What the exercise asks:
Give every line of the data again, unchanged, but with no pictures.

Data:
- - -
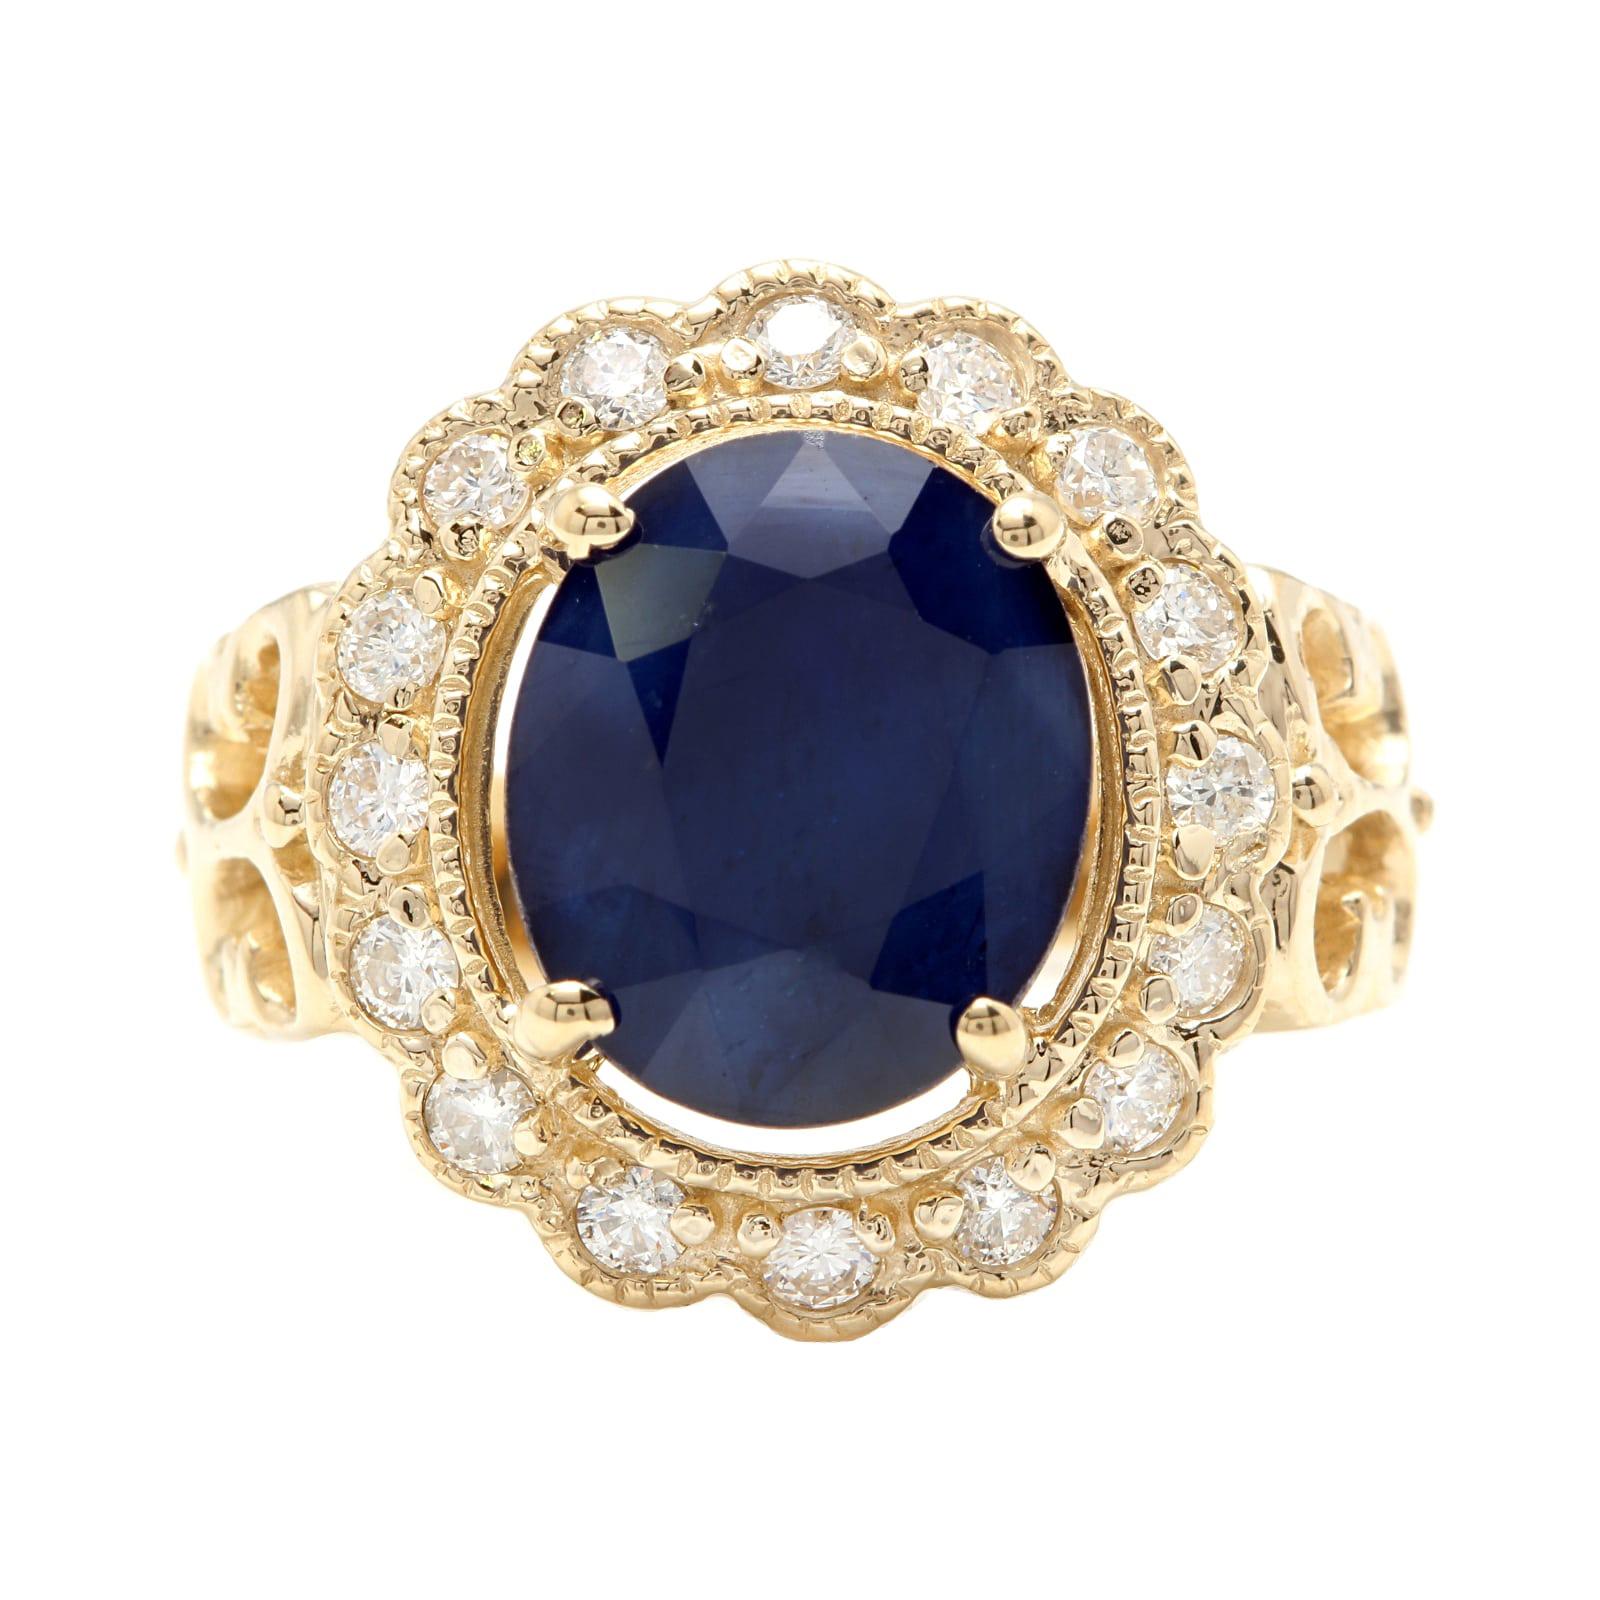 7.50 Natural Blue Sapphire & Diamond 14k Solid Yellow Gold Ring
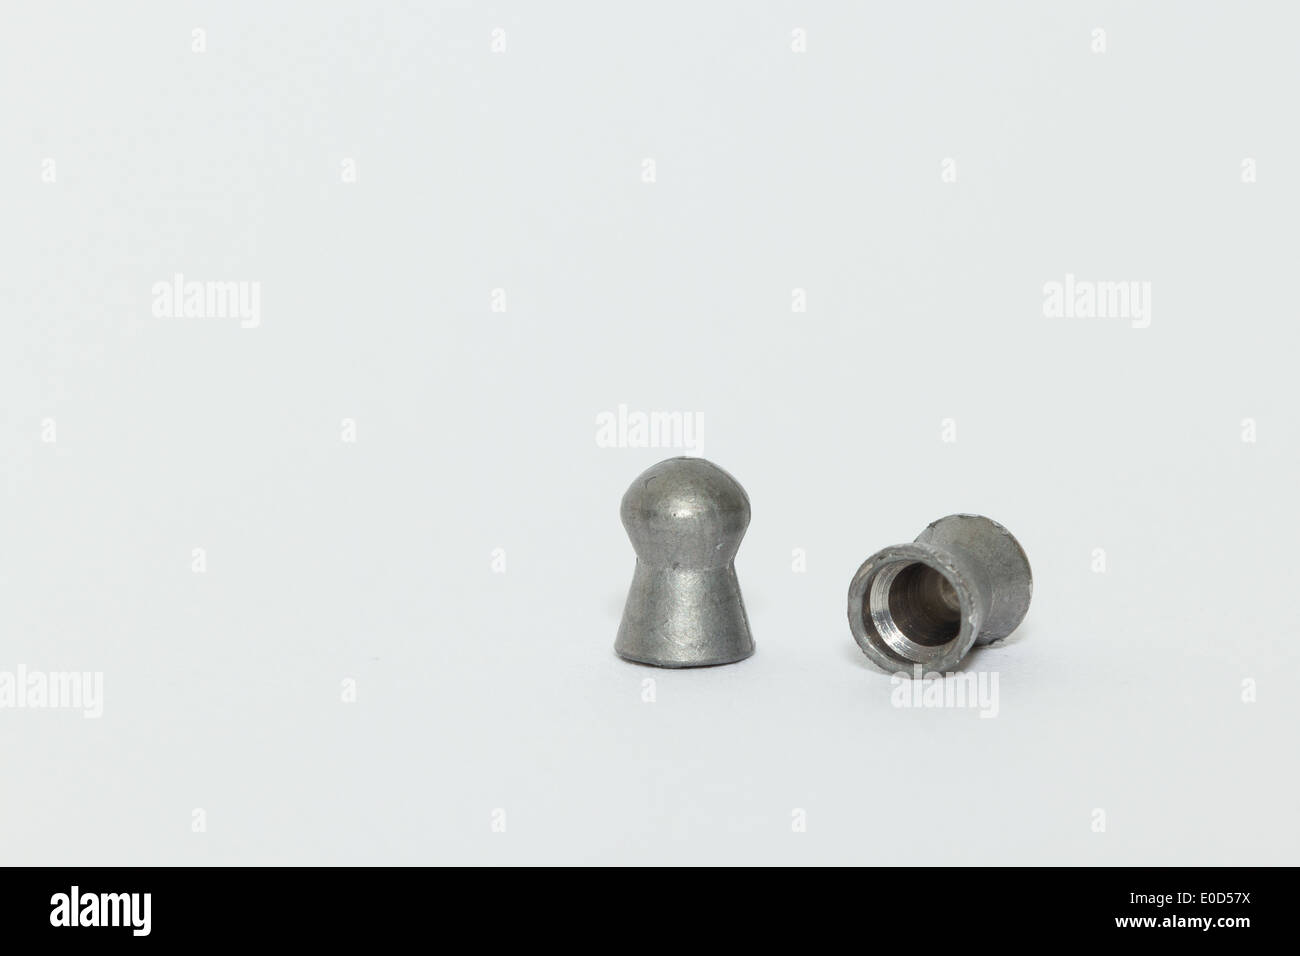 Two airgun bullets Stock Photo
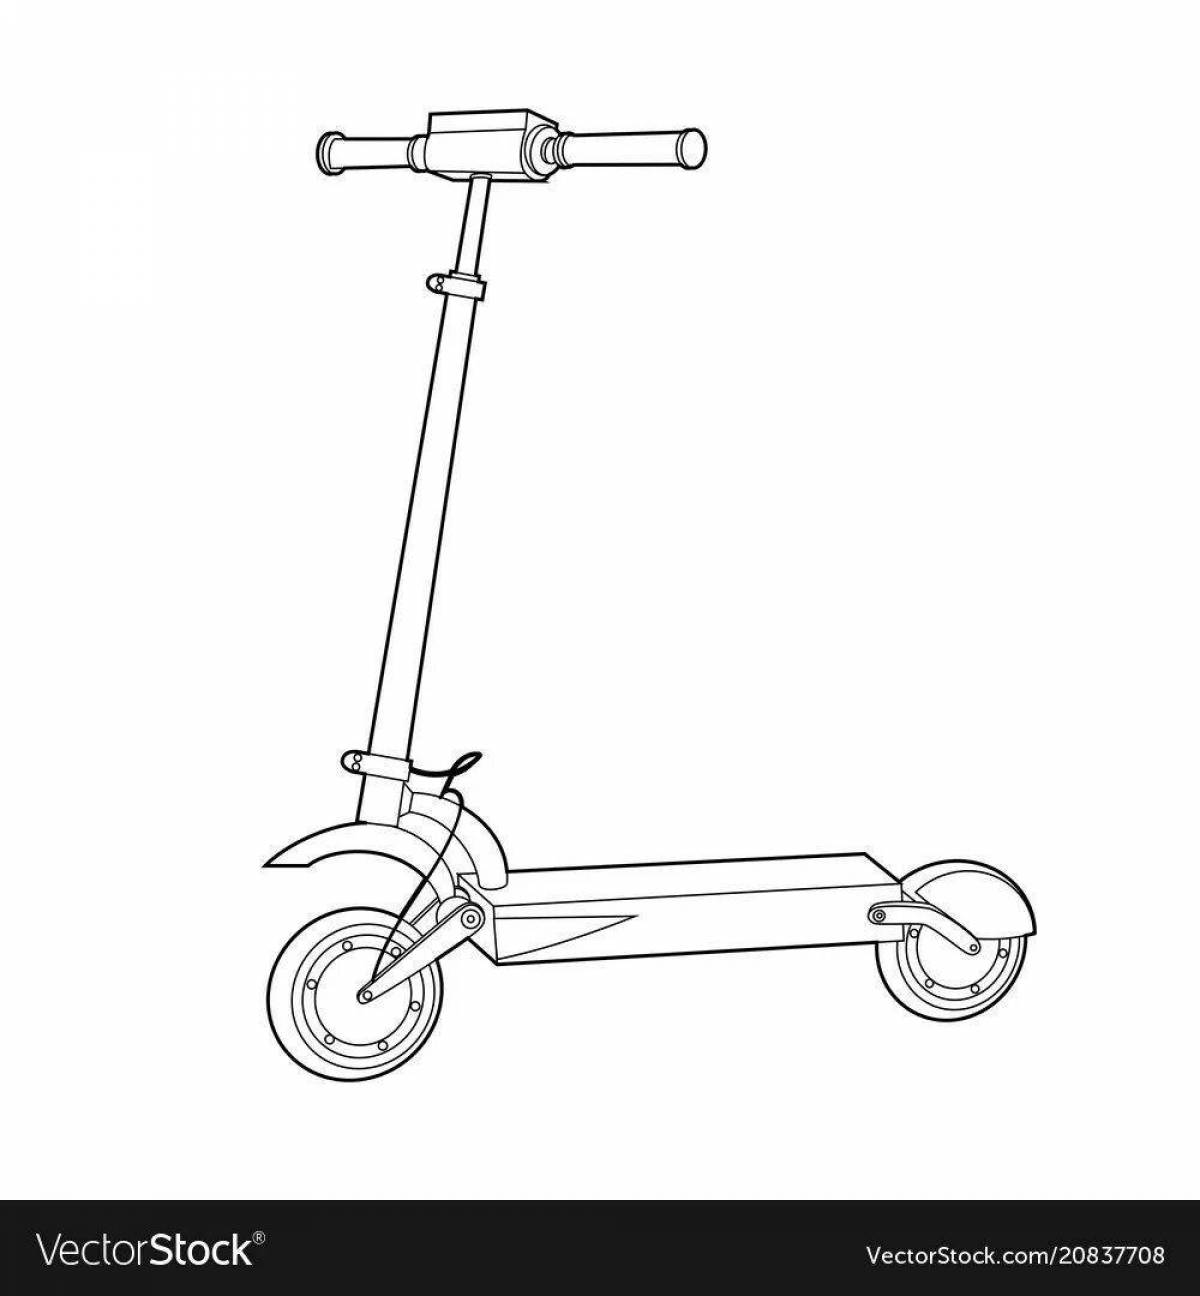 Outstanding scooter coloring book for kids
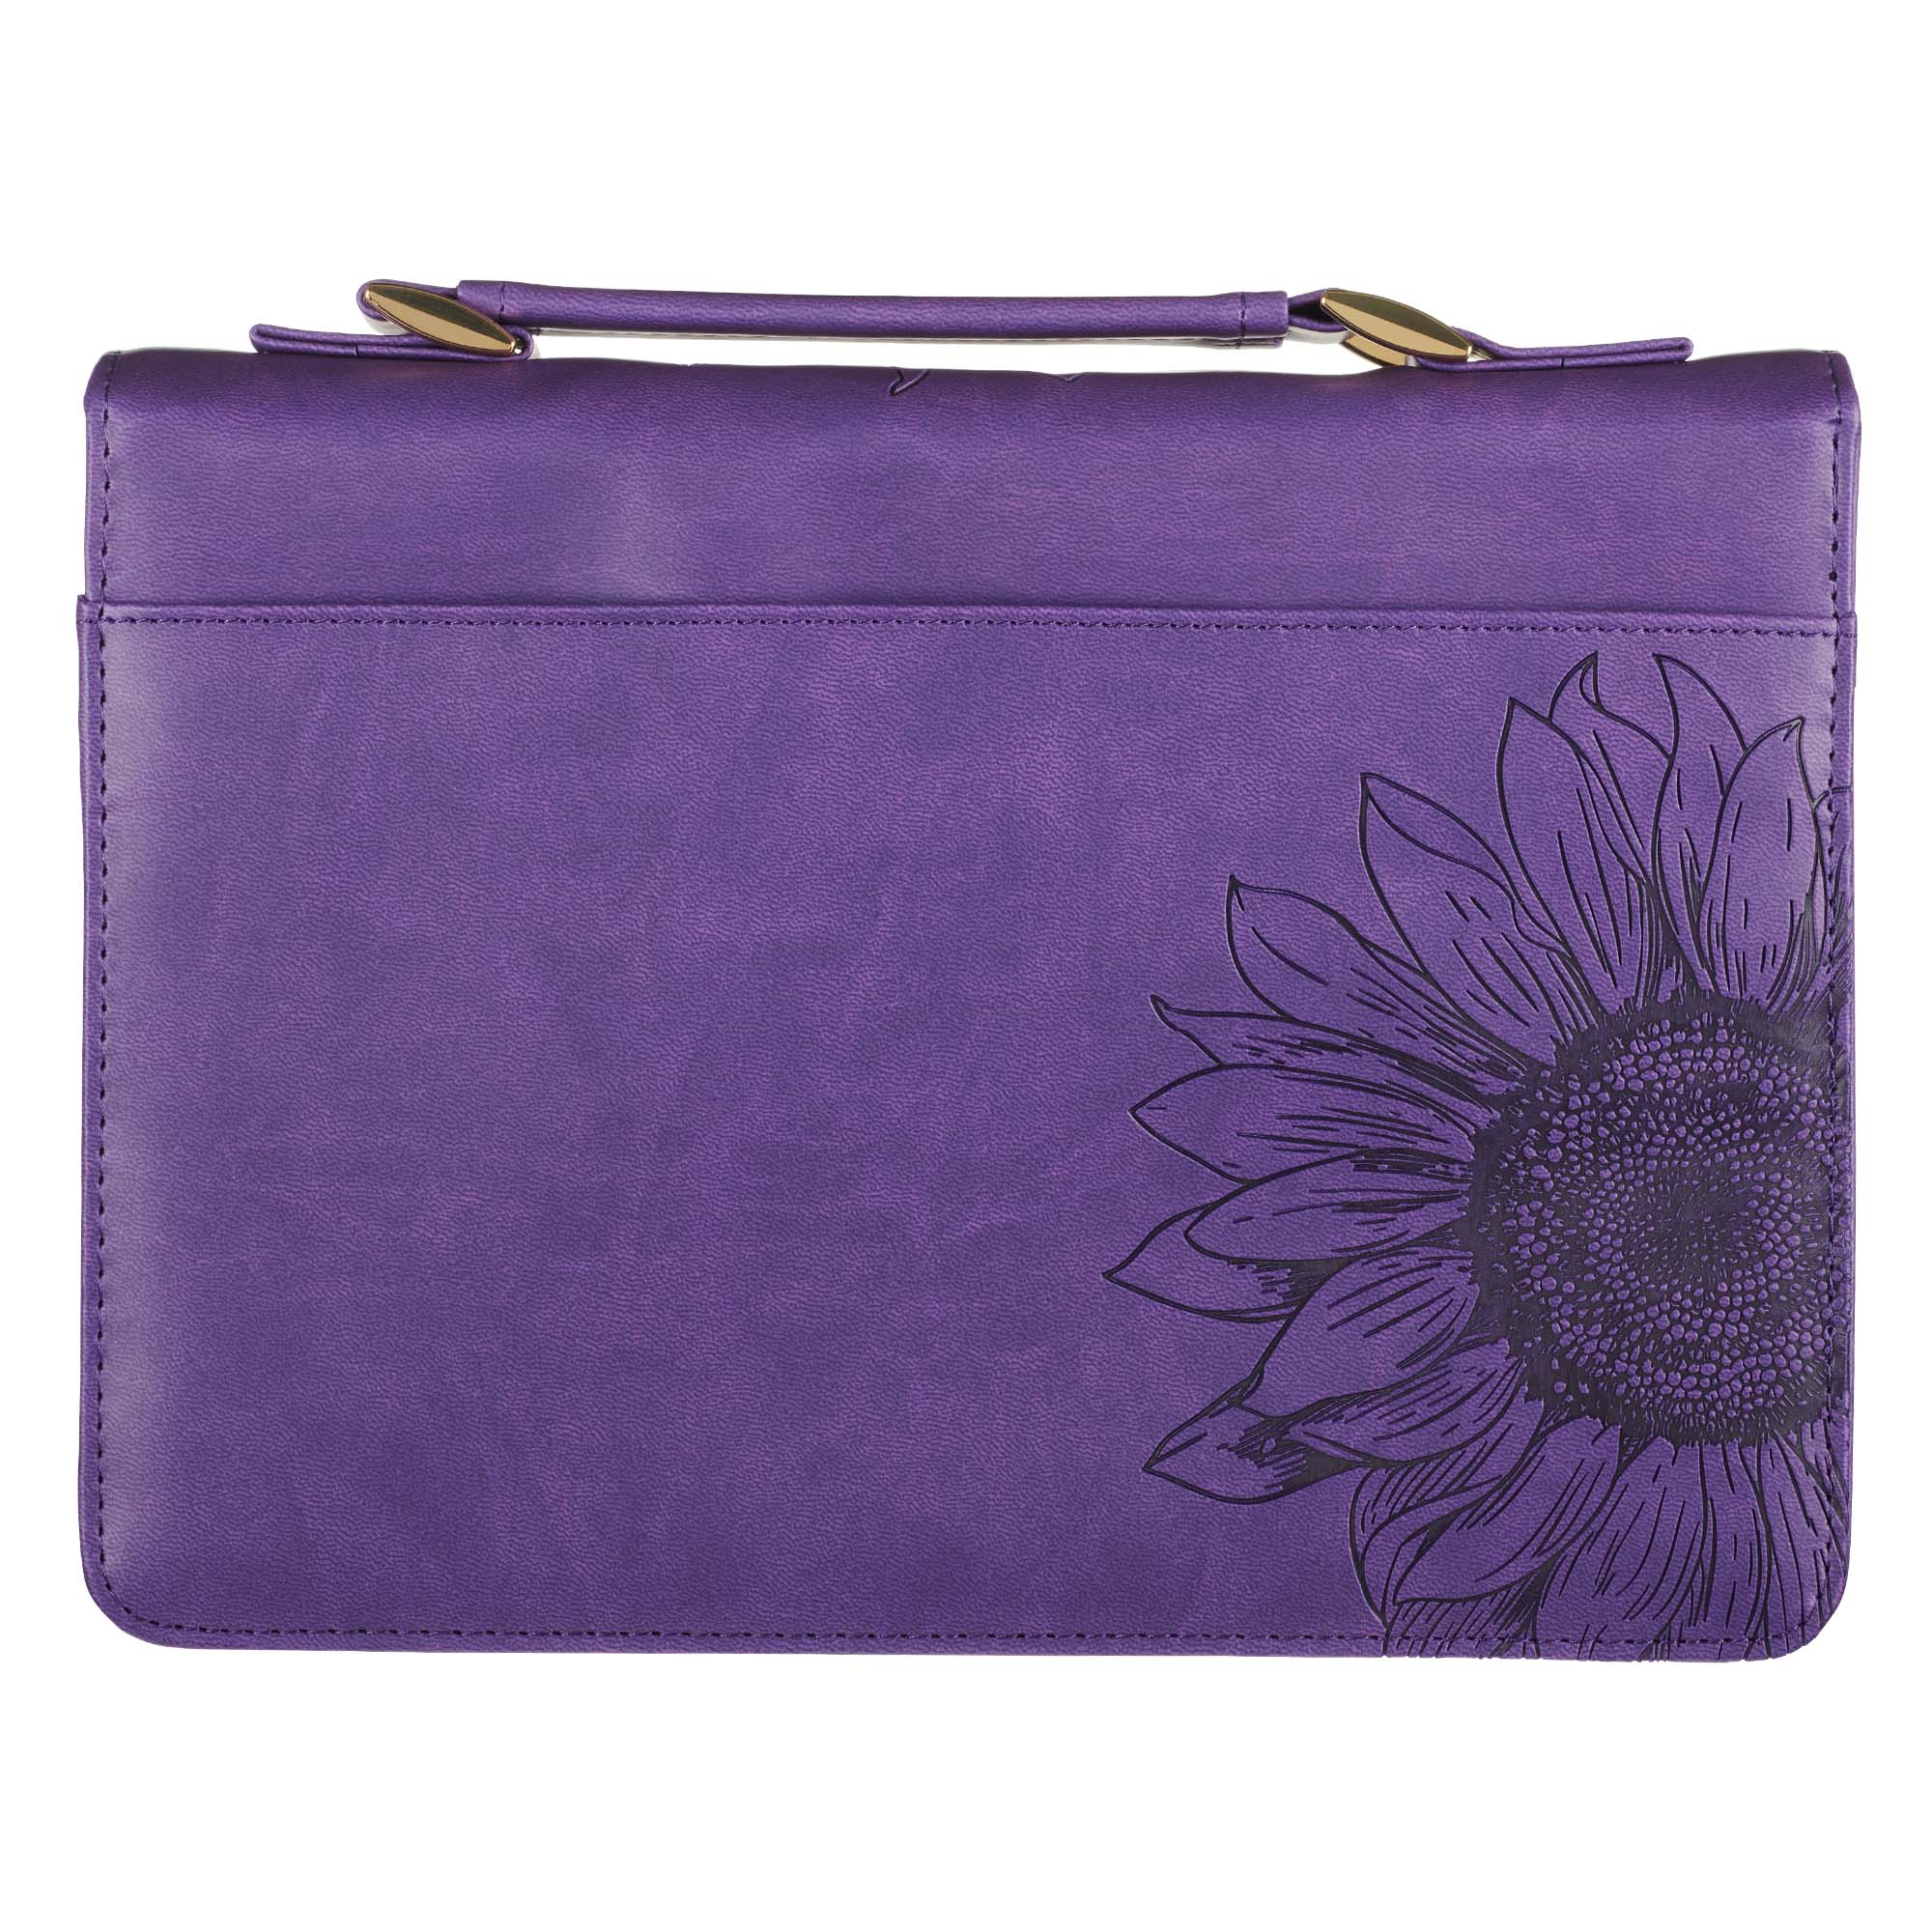 Purse-Style Bible Cover - Blessed Purple Floral – KI GIFTS
- - -
Answer to the problem:
 7.50 Natural Blue Sapphire & Diamond 14k Solid Yellow Gold Ring
 Two airgun bullets Stock Photo
 Outstanding scooter coloring book for kids
 Purse-Style Bible Cover - Blessed Purple Floral – KI GIFTS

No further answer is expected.